Alan Hunter, PhD, University of Bath, UK

Dr. Alan Hunter received the BE(Hons) and PhD degrees in Electrical and Electronic Engineering from the University of Canterbury, New Zealand in 2001 and 2006, respectively. From 2007 to 2010, he was a Research Associate with the University of Bristol, United Kingdom, and from 2010 to 2014, he was a Defence Scientist with TNO (Netherlands Organisation for Applied Scientific Research) in The Hague, Netherlands. In 2014, he joined the Faculty of Engineering at the University of Bath, United Kingdom, where he is currently a Reader (Associate Professor) and Deputy Head of Department in Mechanical Engineering. Since 2017, he has also been an Adjunct Associate Professor with the Department of Informatics, University of Oslo, Norway. His research interests are in underwater acoustics, signal processing, imaging, and machine intelligence. He is particularly interested in applications in underwater remote sensing using sonar and marine robotics. Alan is a Senior Member of the Institute of Electrical and Electronic Engineers (IEEE), and Associate Editor for the IEEE Journal of Oceanic Engineering.

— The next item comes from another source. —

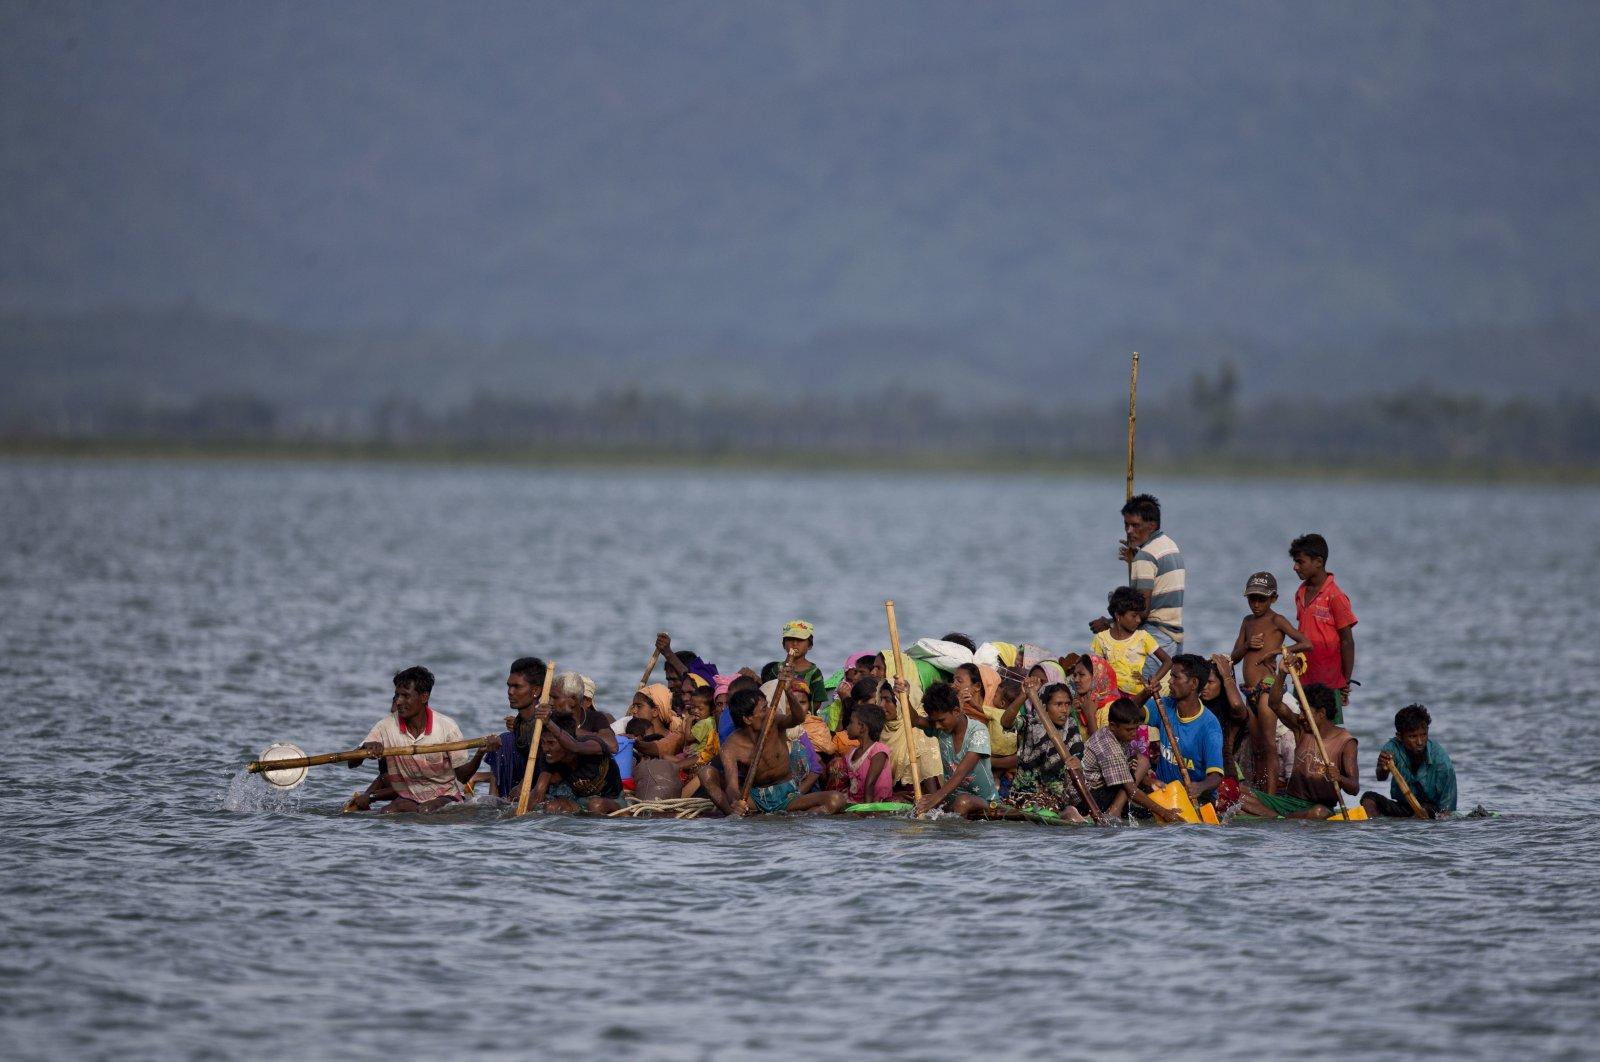 Rohingya Muslims use a makeshift raft made with plastic containers to cross the Naf river from Myanmar into Bangladesh, near Shah Porir Dwip, Bangladesh, Nov. 12, 2017. (AP Photo)

Timothy Rogers, PhD, The University of Sheffield, UK

Dr. Timothy Rogers is a Senior Lecturer in the Dynamics Research Group at The University of Sheffield. His research interests lie at the intersection of data-driven analysis and engineering dynamics. Problems of interest include machine learning, particularly Bayesian methods, for signal processing, system identification and monitoring of engineering systems. His research is motivated by combining maximum value from engineering insight and understanding with the flexibility of models which are able to learn from data, when doing so there is interest not just in predictive accuracy of developed models but also in enabling interpretability, in a physical sense, of the solutions being returned.